Charles Ignatius Sancho was the first Black person to vote in the UK in 1774 and 1780. He would have been amongst 5 % of the population who were eligible to vote at the time.
This was a time when voting was very much restricted, based on “wealth,” defined as either property ownership or rental at a certain value. If someone met that criteria alone, they got a vote, regardless of race or gender. (Interestingly, it was only when voting was “reformed” in the early 19th century that women were excluded from voting.)
A grocer by trade, it is from his occupation as a shopkeeper, with a steady income and financial independence, that Sancho derived his entitlement to vote.
As an adult male householder and ratepayer, he would have met the 'scot and lot' franchise requirement for the constituency of Westminster where he lived.
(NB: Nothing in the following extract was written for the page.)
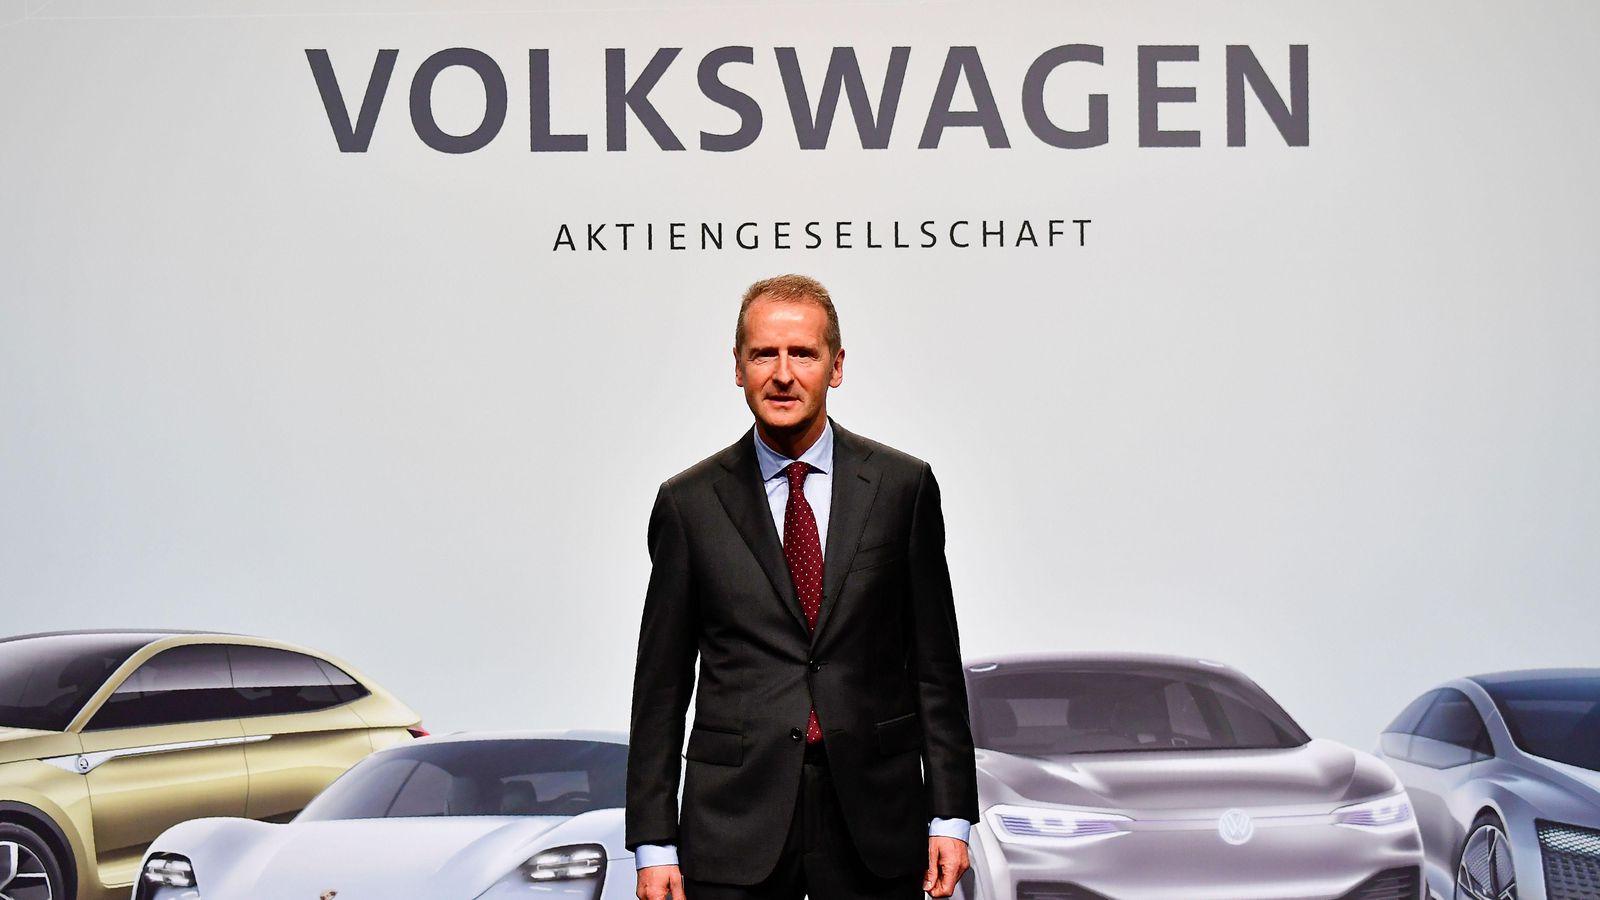 Dieselgate: VW investigada por pagamentos suspeitos a executivo suspenso
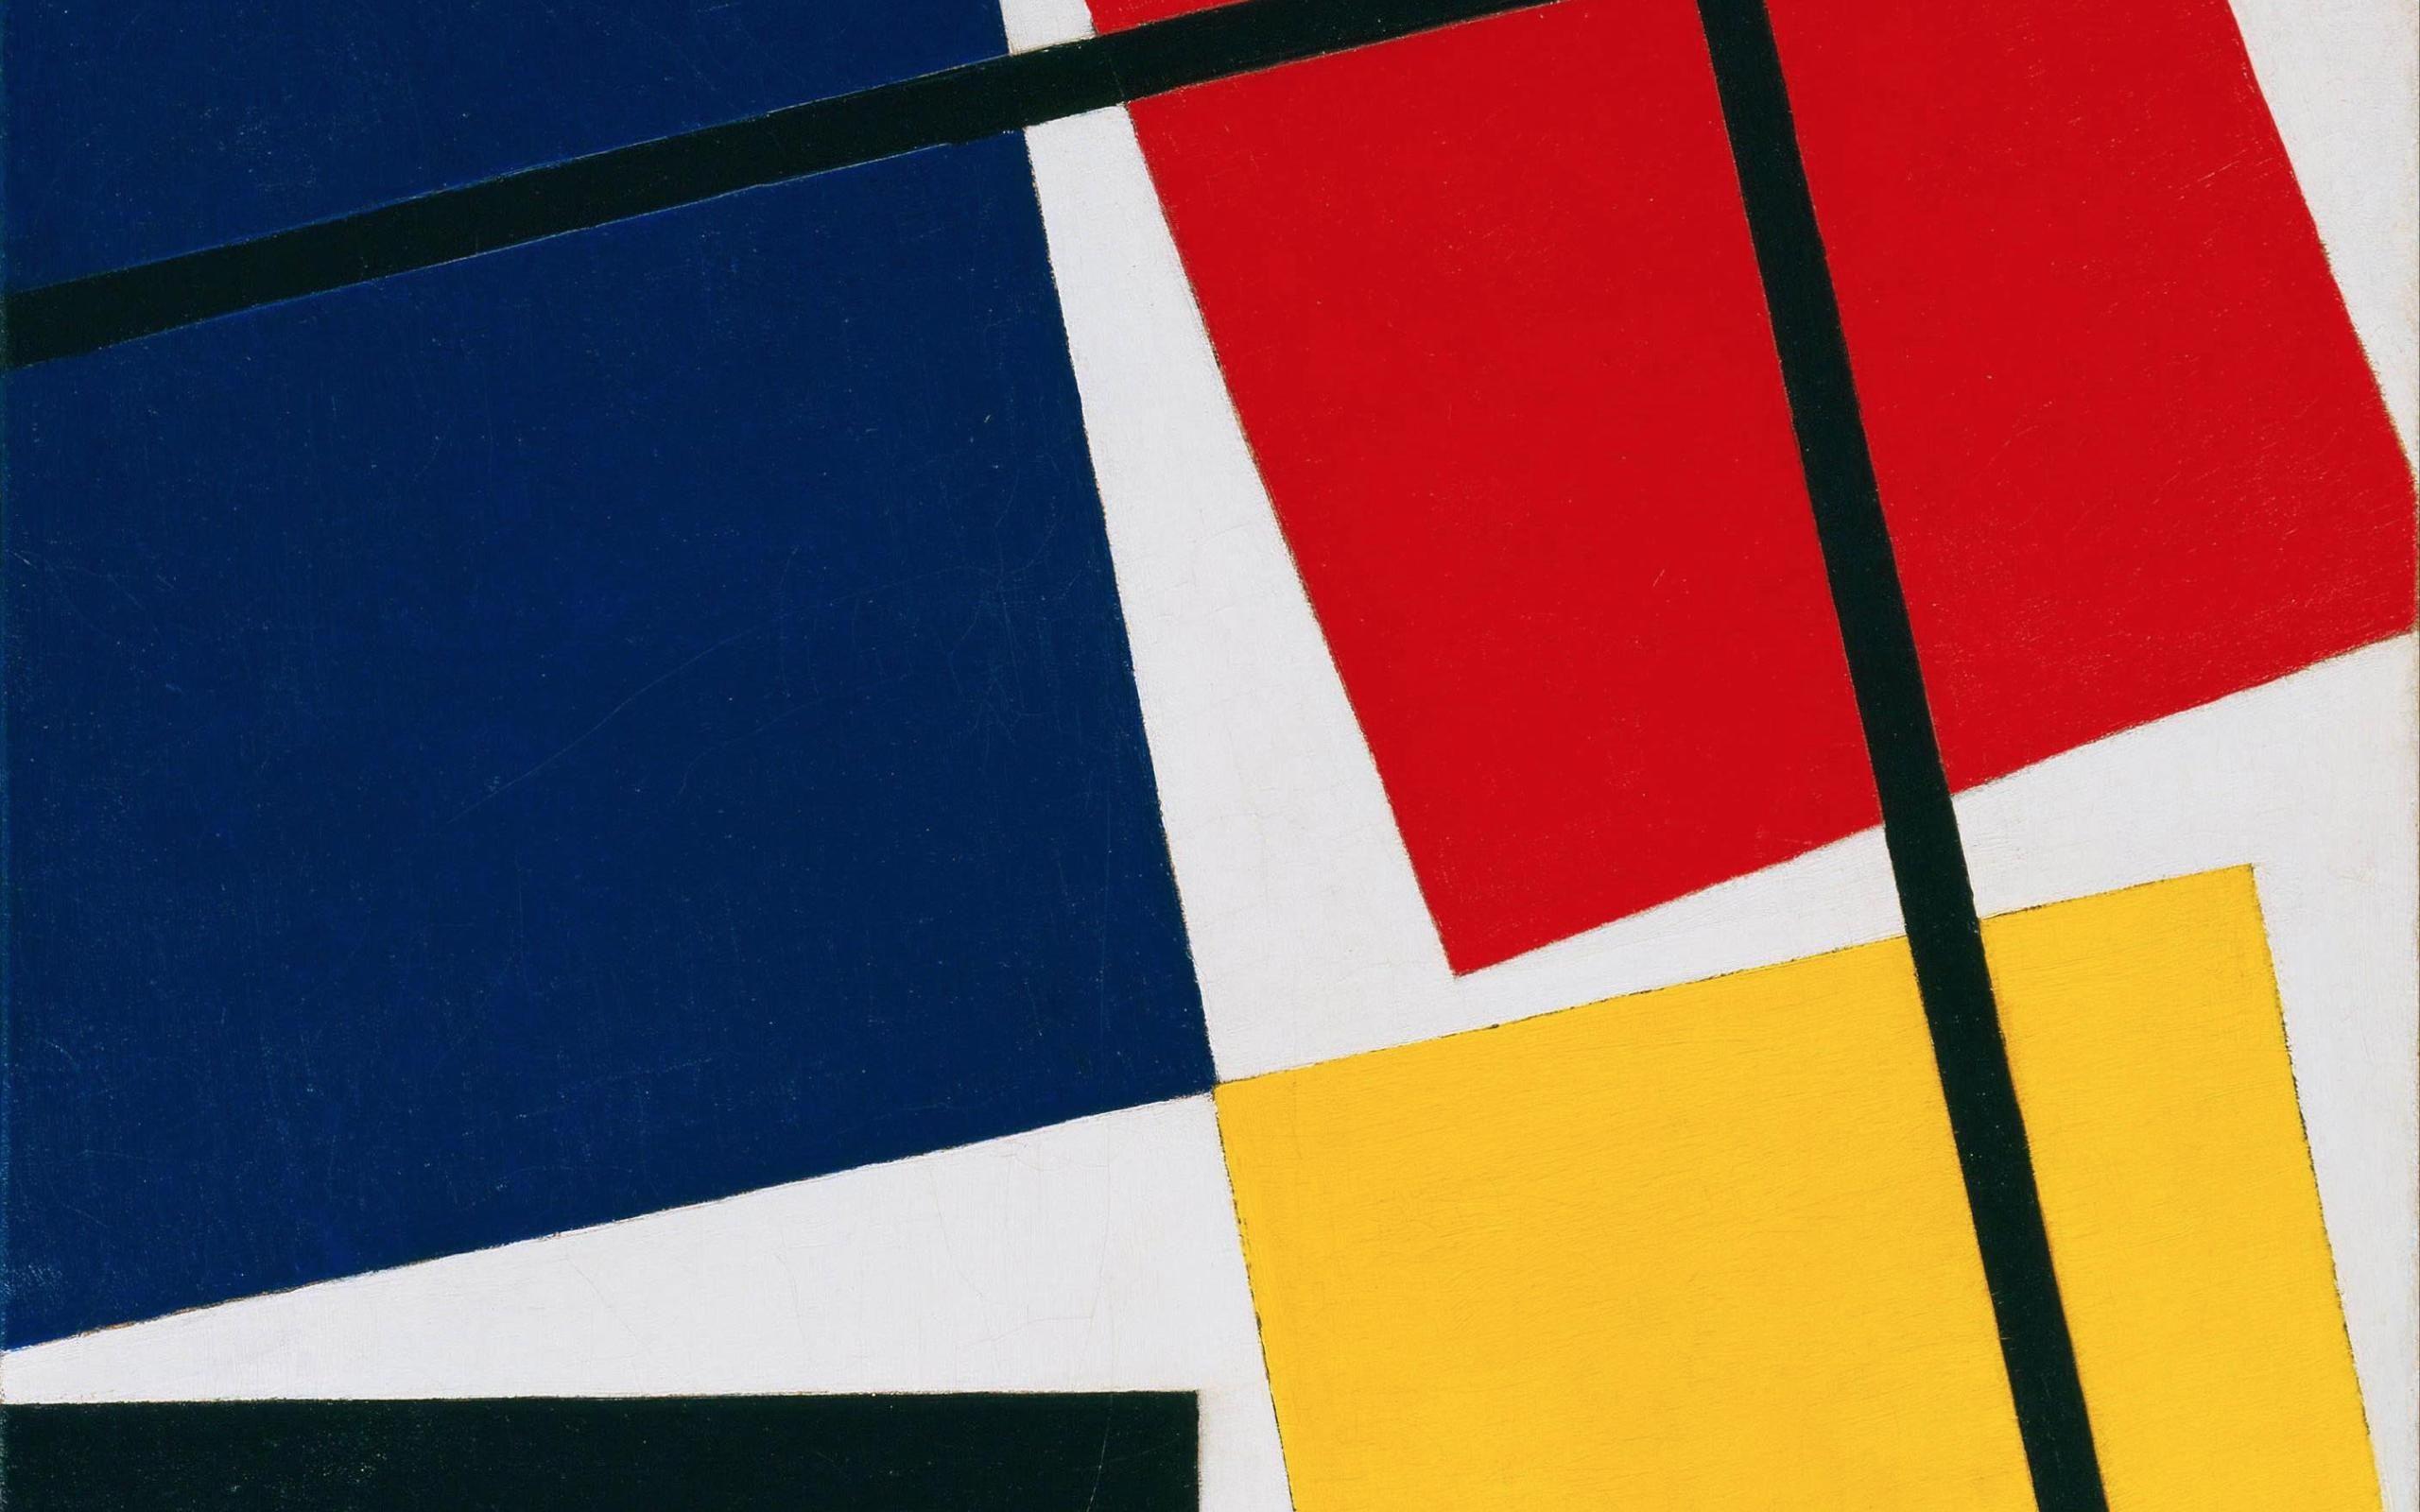 Piet Mondrian Mondrian Texture Colorful Abstract Red 2560x1600 Wallpaper Wyxevx Wallhaven Cc Piet Mondrian Mondrian Piet

He was entitled to vote in the 1774 and 1780 general elections. We know that he voted for the Whig candidate Charles James Fox in 1780. He died later the same year in December 1780.
There are varying accounts of Ignatius’ early life. A biography called 'The Life of Ignatius Sancho' was published by Joseph Jekyll, a budding lawyer acquainted with the Sancho family in 1782: The biography is historically unreliable, or at least unproven, in parts; claiming that Sancho was born to an enslaved mother on a slave ship making the Atlantic crossing.
However, Sancho's own letters states that he was born in Africa and implies that he has no family ties related to the American slave trade. It is not clear if or how he came to be orphaned or how he arrived in England.
What is known is that in his early years in London, Sancho worked in domestic roles in aristocratic households.
Highly self-educated, he read widely, started composing his four collections of music and agitated for an end to the slave trade, corresponding with the great novelist Laurence Sterne.
His became a greengrocer when he retired from domestic work and despite illness, he continued to flourish; publishing books, meeting the great and good and writing into the letters pages of newspapers on subjects he felt strongly about.
These and other letters were published posthumously, making Sancho a public figure and positive representative of working class London in the 18th century.